─── MATERIAL FOR THE TASK ───
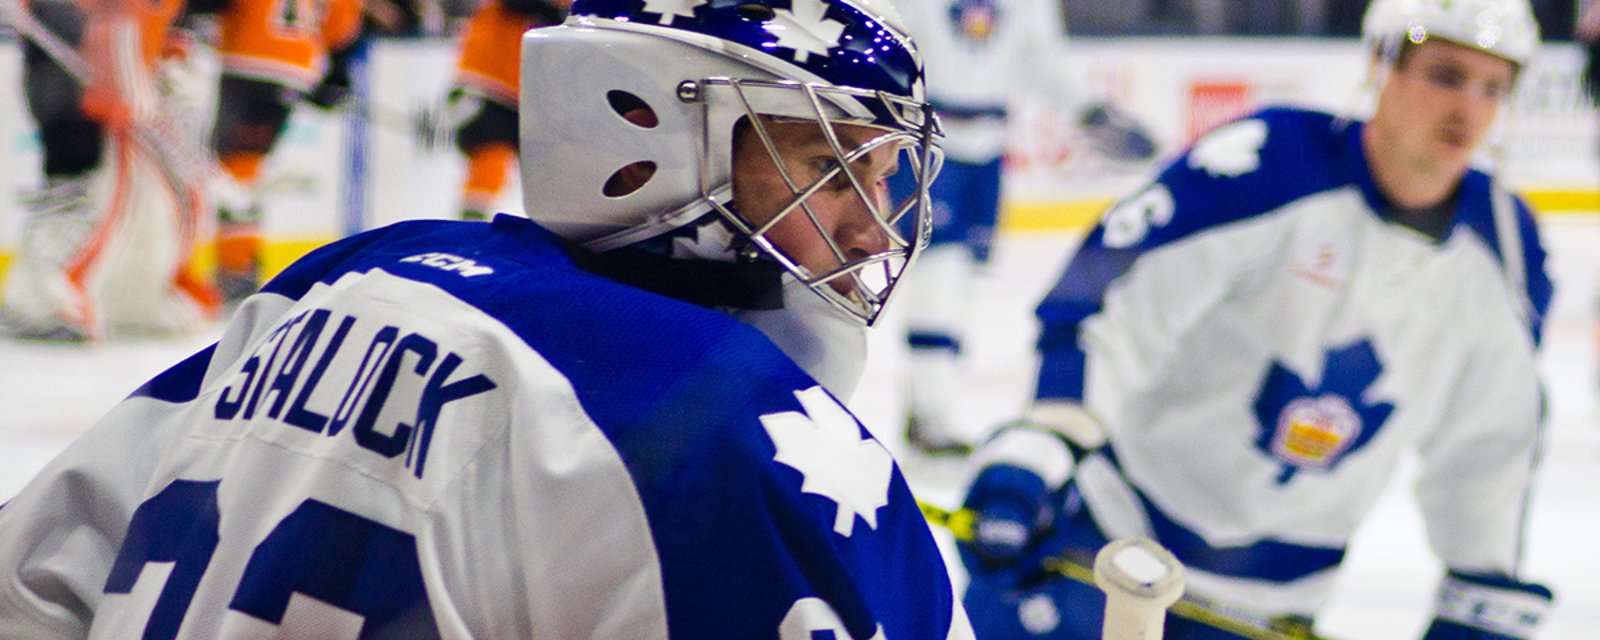 Wild backup Stalock recalls “weird” stint with Leafs
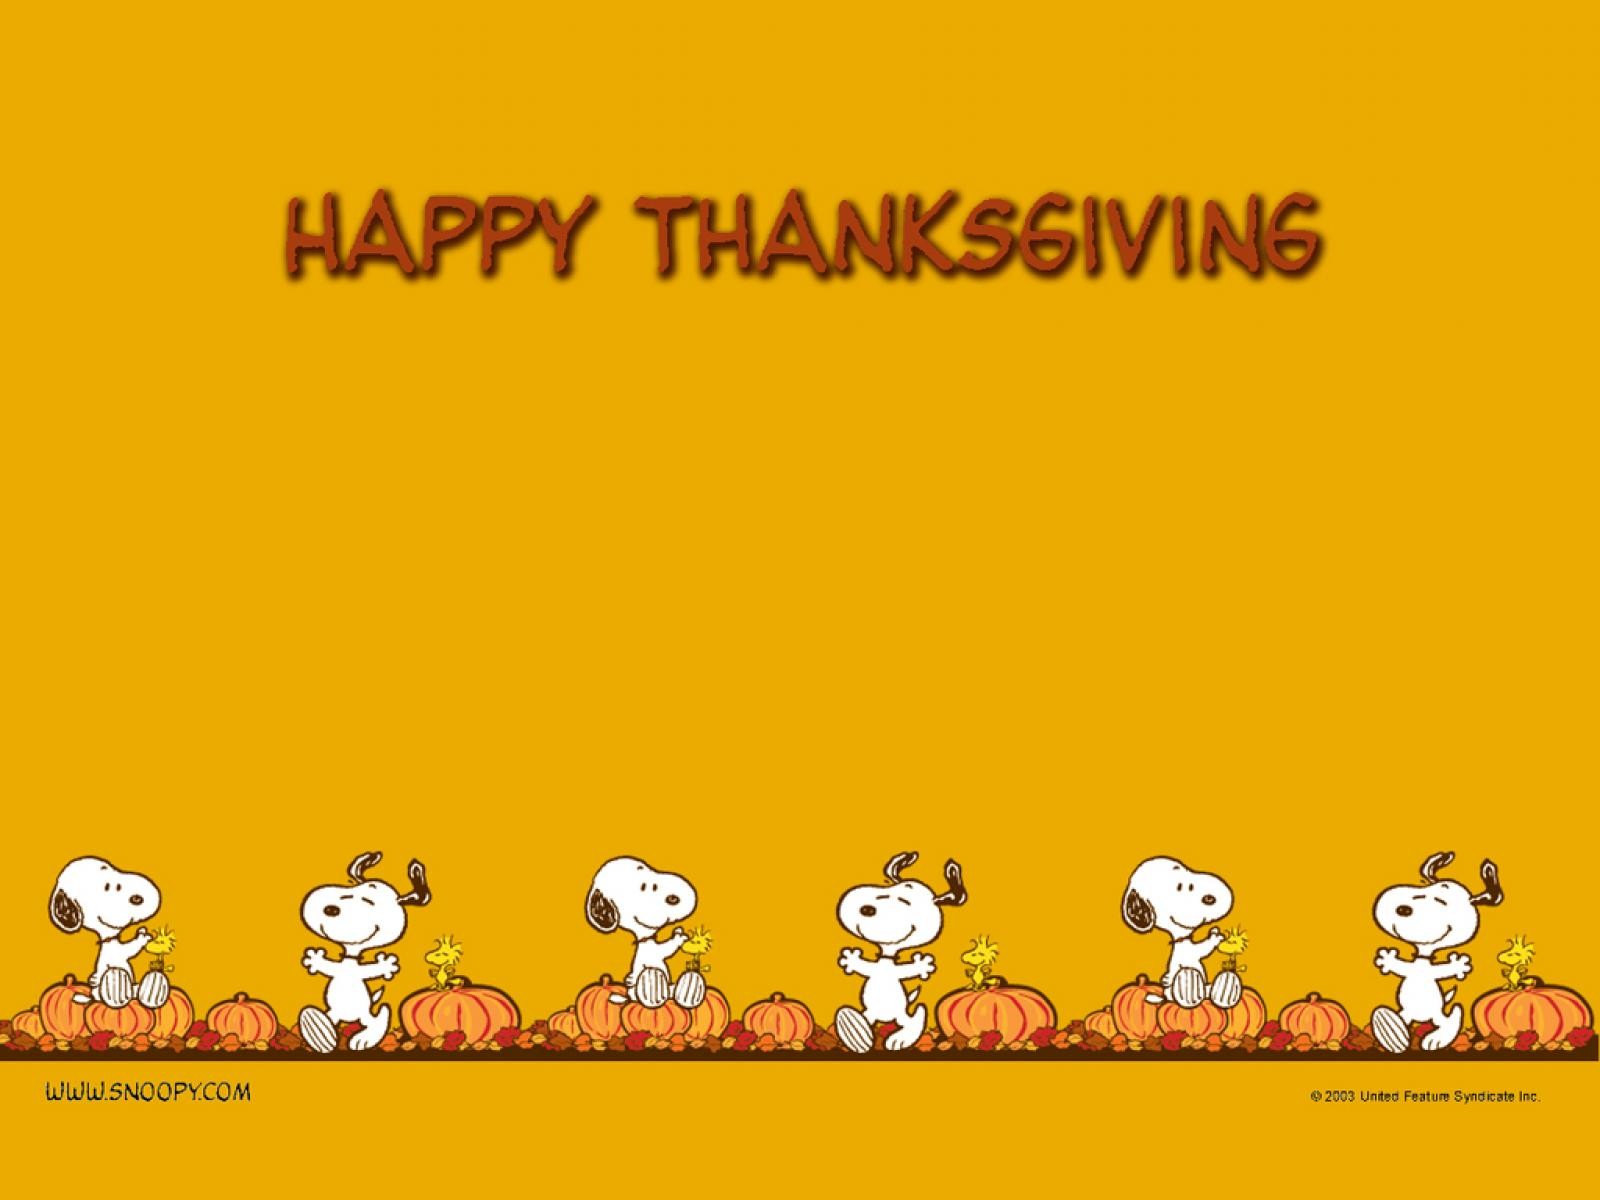 General 1600x1200 Peanuts (comic) Snoopy Thanksgiving cartoon 2003 (Year) orange background typography
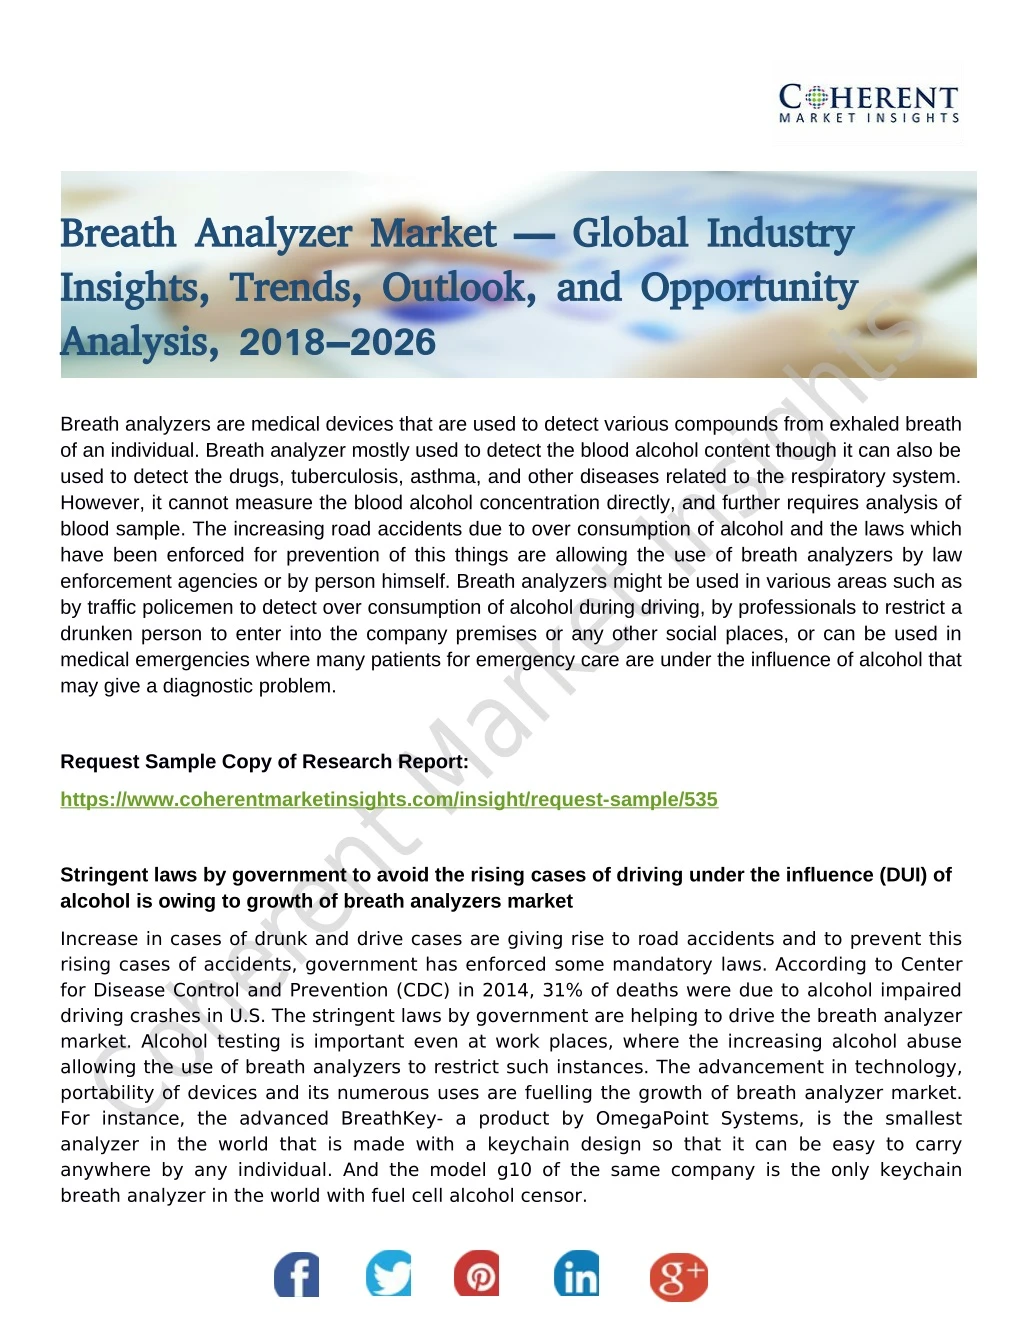 breath analyzer market global industry breath
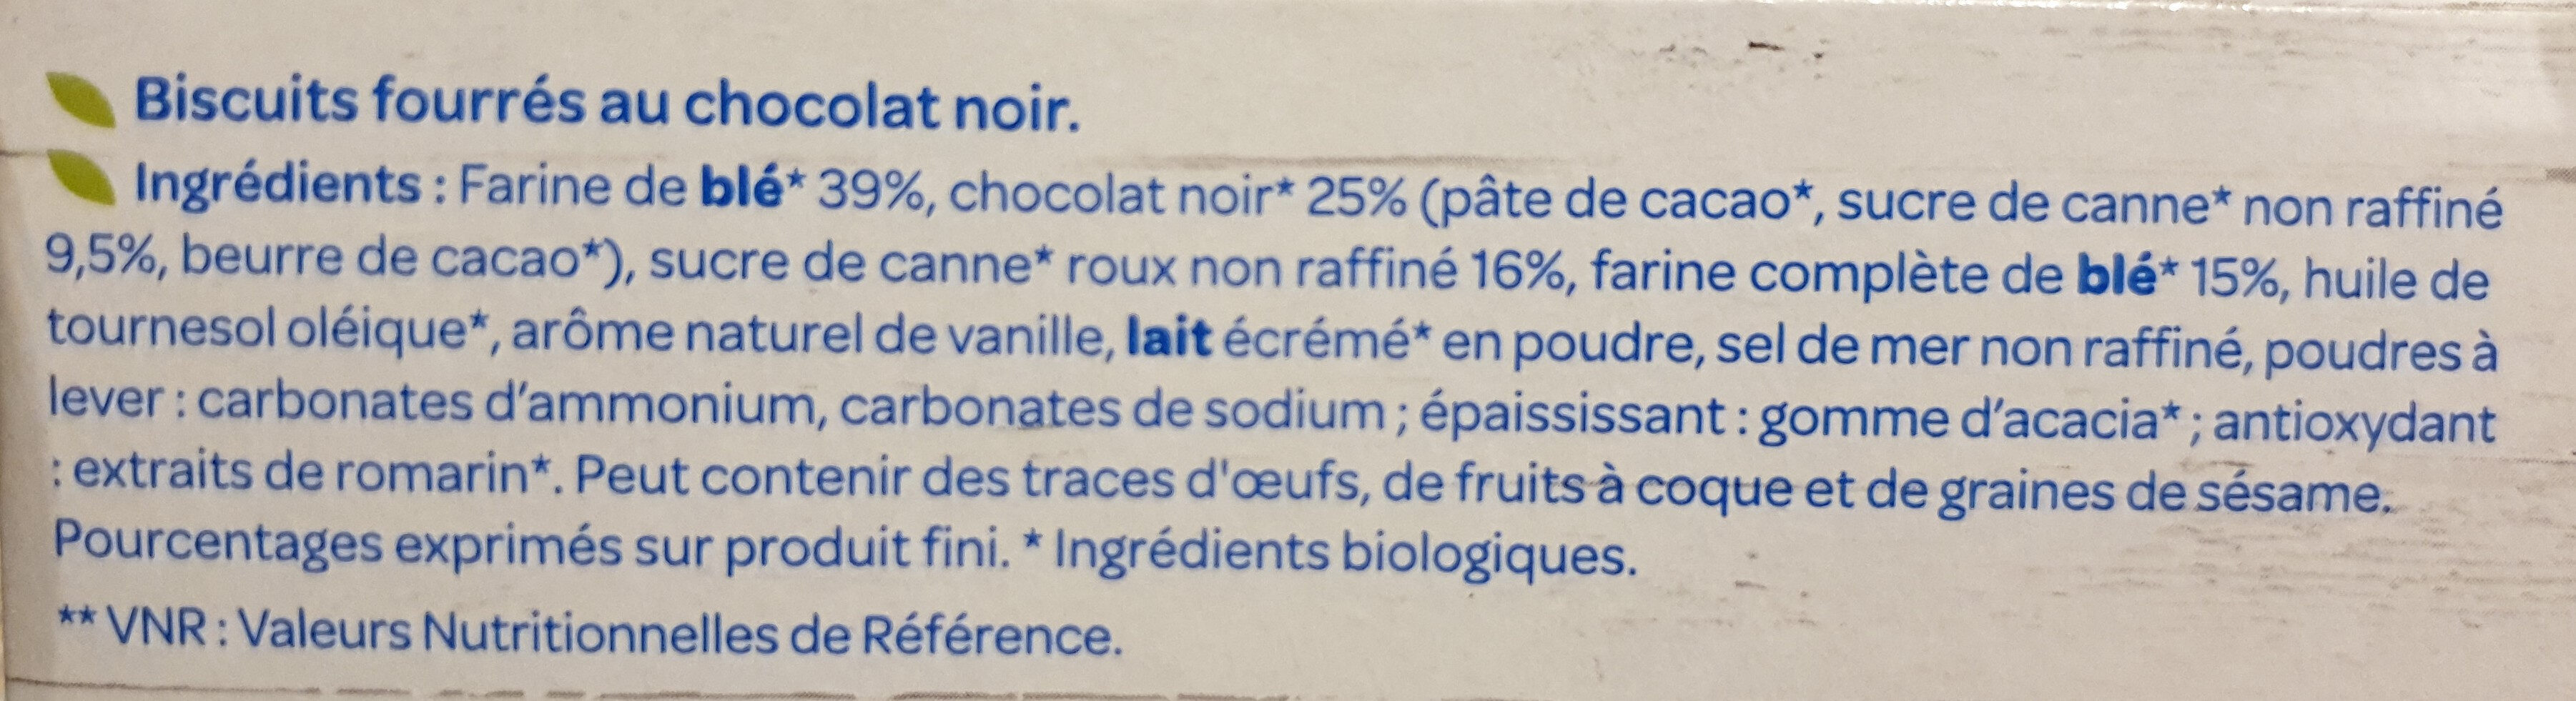 Fourrés Chocolat noir BIO - Ingredientes - fr
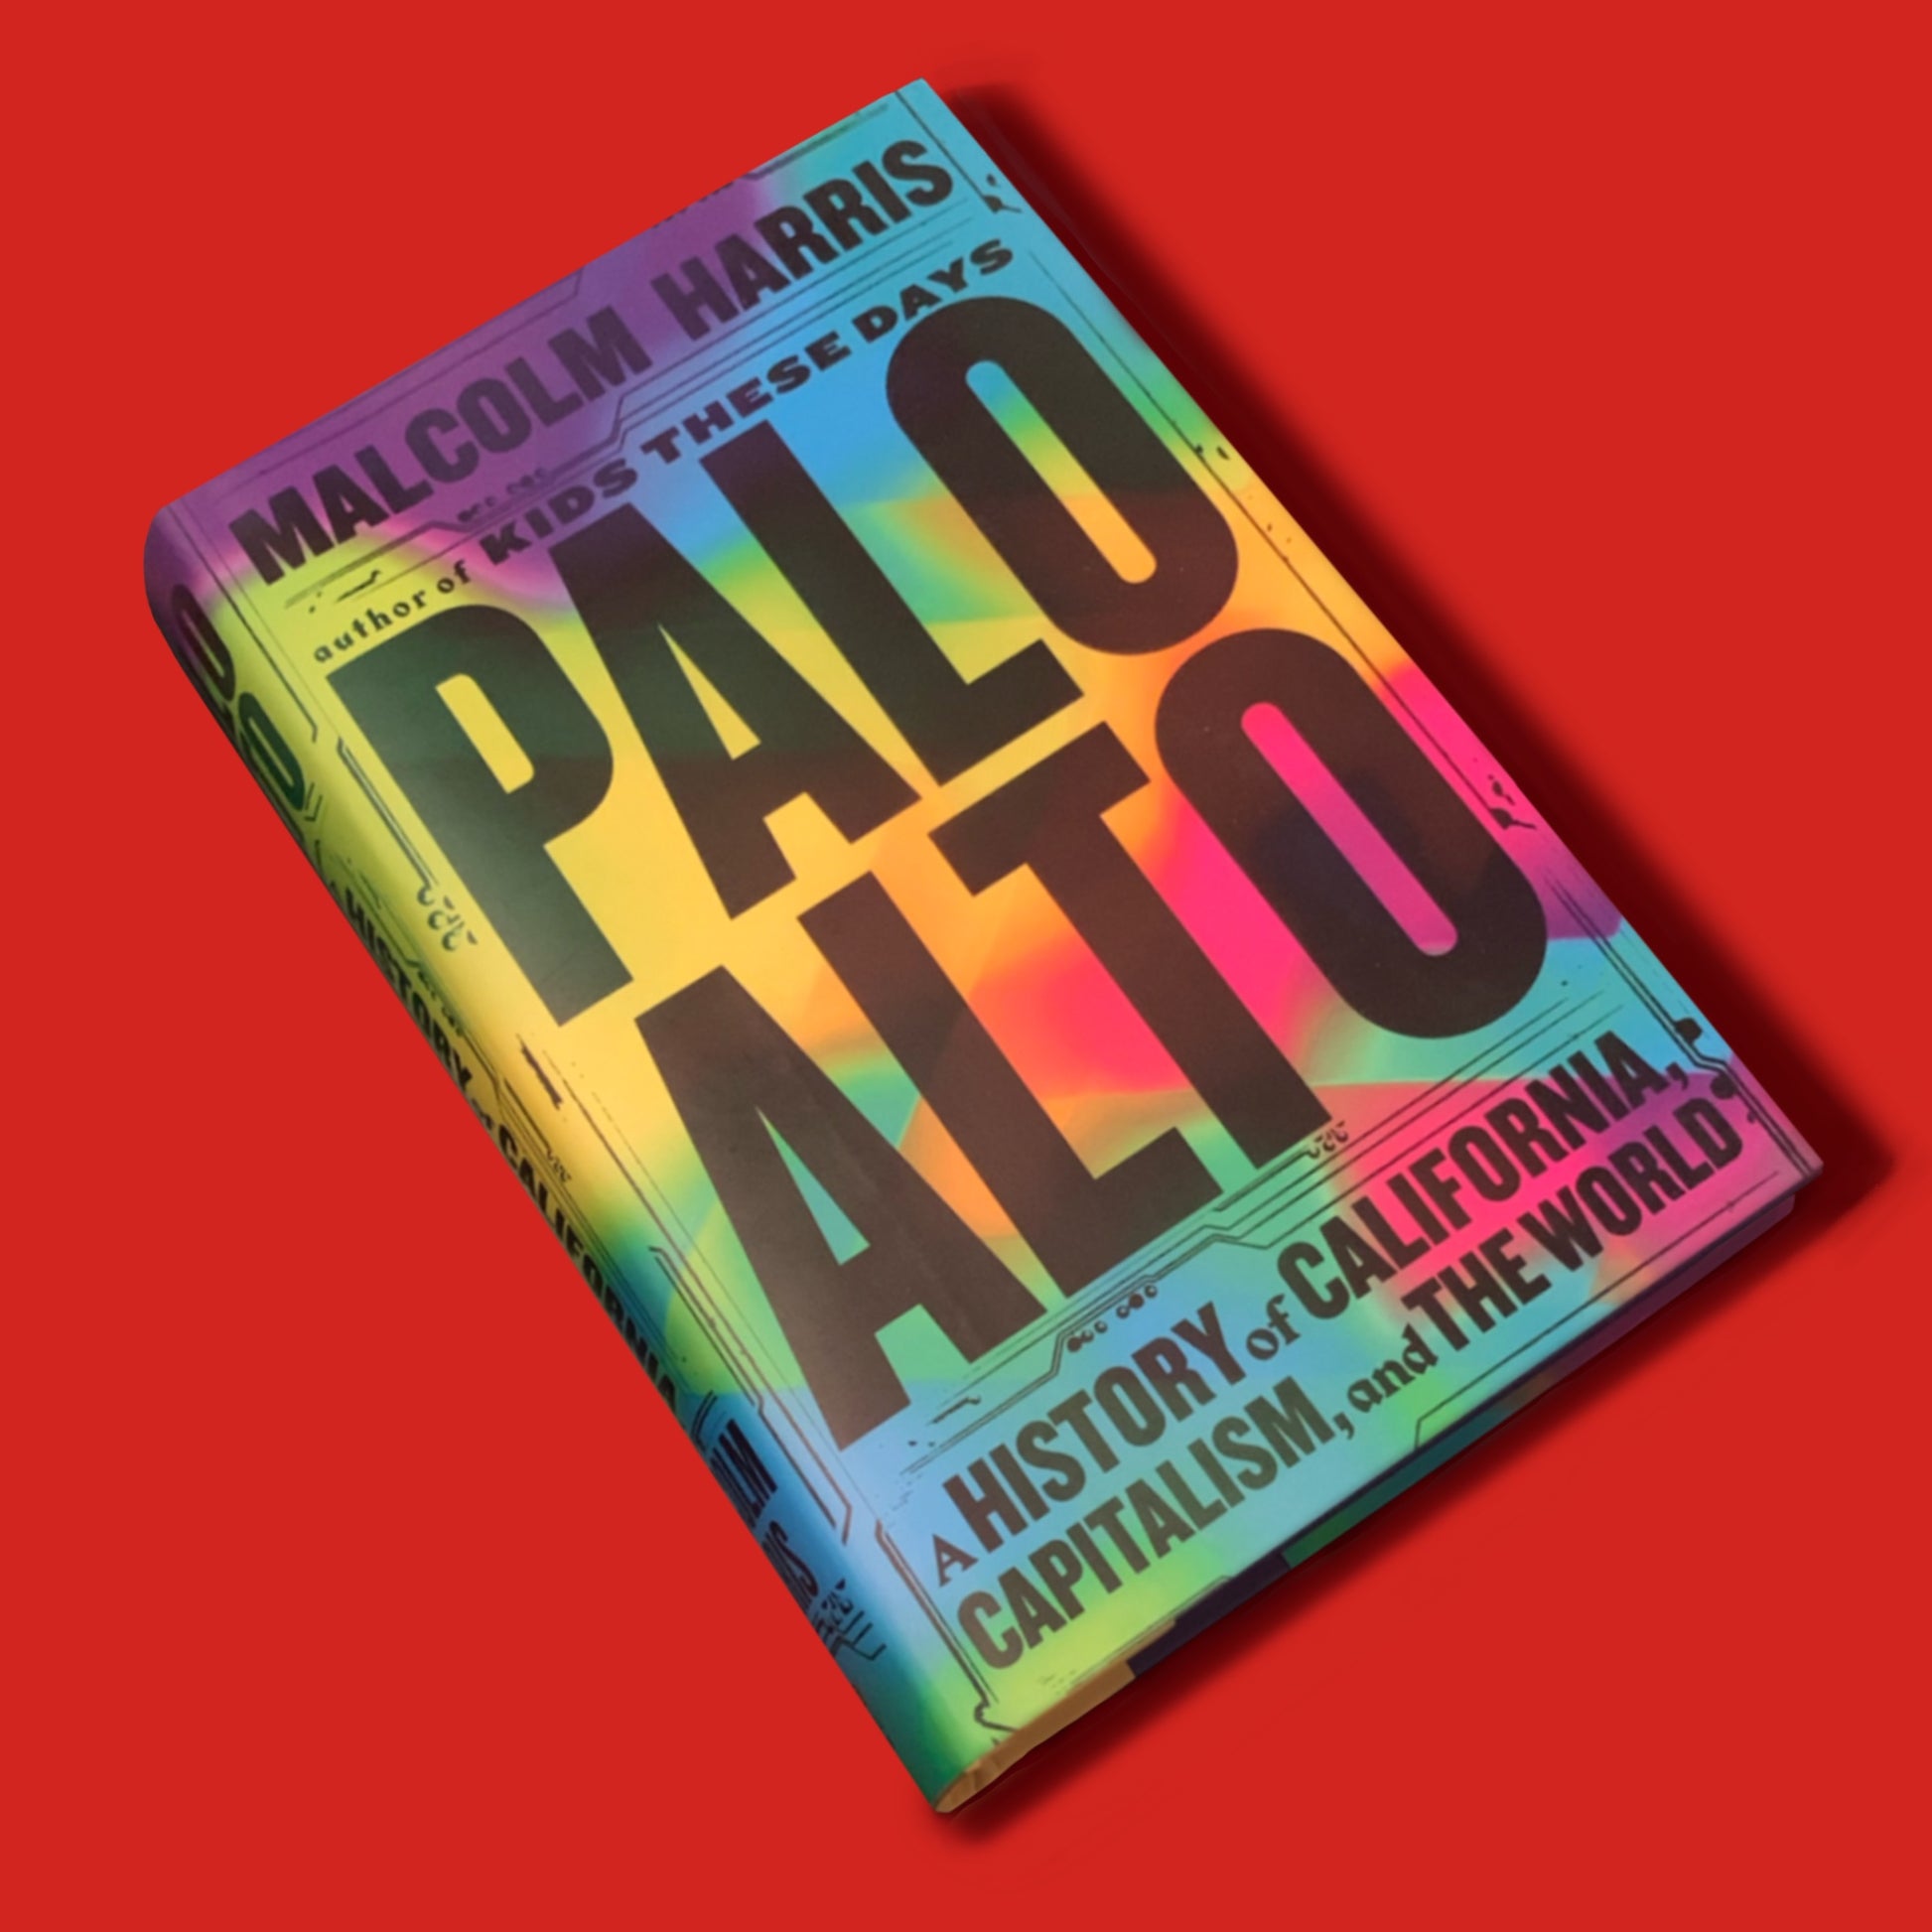 Palo Alto History
───
## TO DO:
Print exactly the lines from the one containing "breath analyzer market" through the last line of the records, both included, and leave out the pictures.

## RESULT BELOW:
 breath analyzer market global industry breath
 Fourrés Chocolat noir BIO - Ingredientes - fr
 Palo Alto History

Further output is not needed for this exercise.